🤖 AI Summary
This work addresses the challenge of integrating the semantic reasoning capabilities of large language models with collaborative filtering signals to enhance recommendation accuracy while maintaining low inference latency. The authors propose STAR, a novel framework that, for the first time, internalizes multi-agent collaborative reasoning trajectories—encompassing planning, tool invocation, and self-reflection—into a single efficient recommender model via trajectory-driven distillation. To bridge user behavior with natural language reasoning, STAR introduces a collaborative signal translation mechanism that converts interaction histories into textual evidence to augment the model’s reasoning process. Extensive experiments demonstrate that STAR outperforms its multi-agent teacher by 8.7%–39.5% across multiple metrics while eliminating iterative inference delays, thereby achieving a unified solution that delivers both high accuracy and real-time responsiveness.
📝 Abstract
Large Language Models (LLMs) are reshaping recommender systems by leveraging extensive world knowledge and semantic reasoning to interpret user intent.

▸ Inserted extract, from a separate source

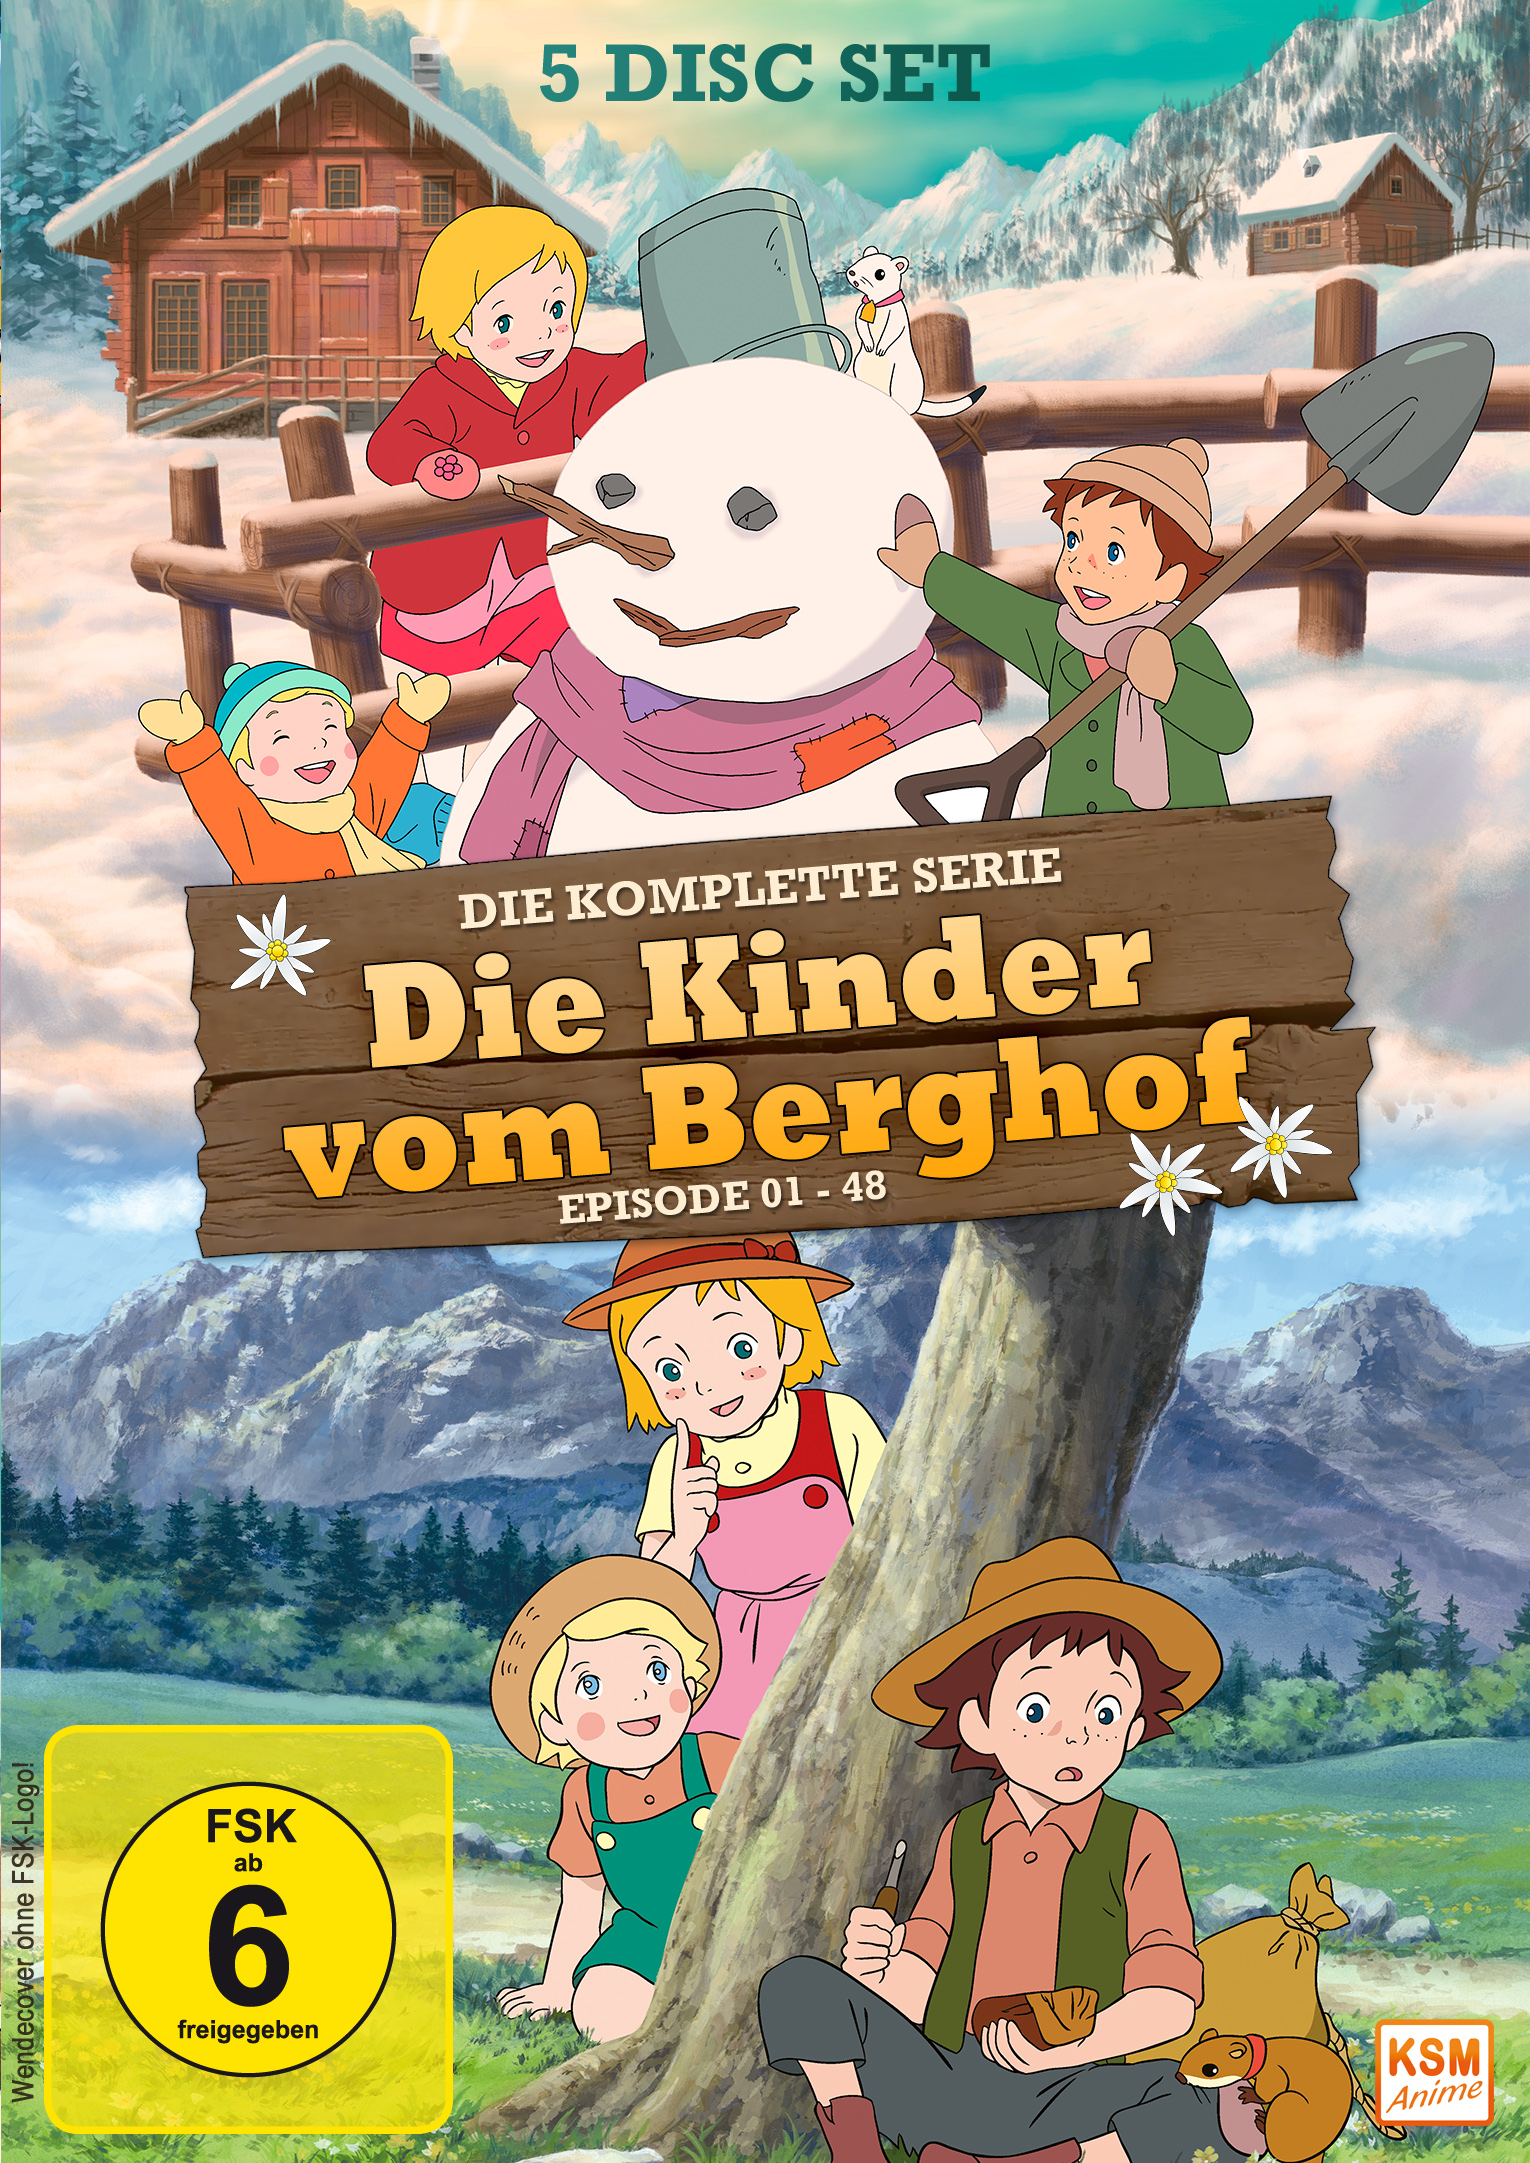 Die Kinder vom Berghof - Gesamtedition: Episode 01-48 [DVD] Cover

However, effectively integrating these capabilities with collaborative signals while avoiding prohibitive inference latency remains a critical bottleneck. To address this, we propose a trajectory-driven internalization framework to develop a Single-agent Trajectory-Aligned Recommender (STAR). Specifically, to internalize complex reasoning capabilities into a single efficient model, we first design a multi-agent teacher system capable of multi-turn tool usage and reflection. This teacher utilizes a Collaborative Signal Translation mechanism to explicitly convert latent behavioral patterns into descriptive natural language evidence to enhance reasoning accuracy. Subsequently, a trajectory-driven distillation pipeline transfers this agentic logic, including planning, tool usage, and self-reflection, into the compact STAR model. Extensive experiments demonstrate that STAR surpasses its teacher by 8.7% to 39.5% while eliminating iterative latency, paving the way for real-time, reasoning-enhanced recommendation.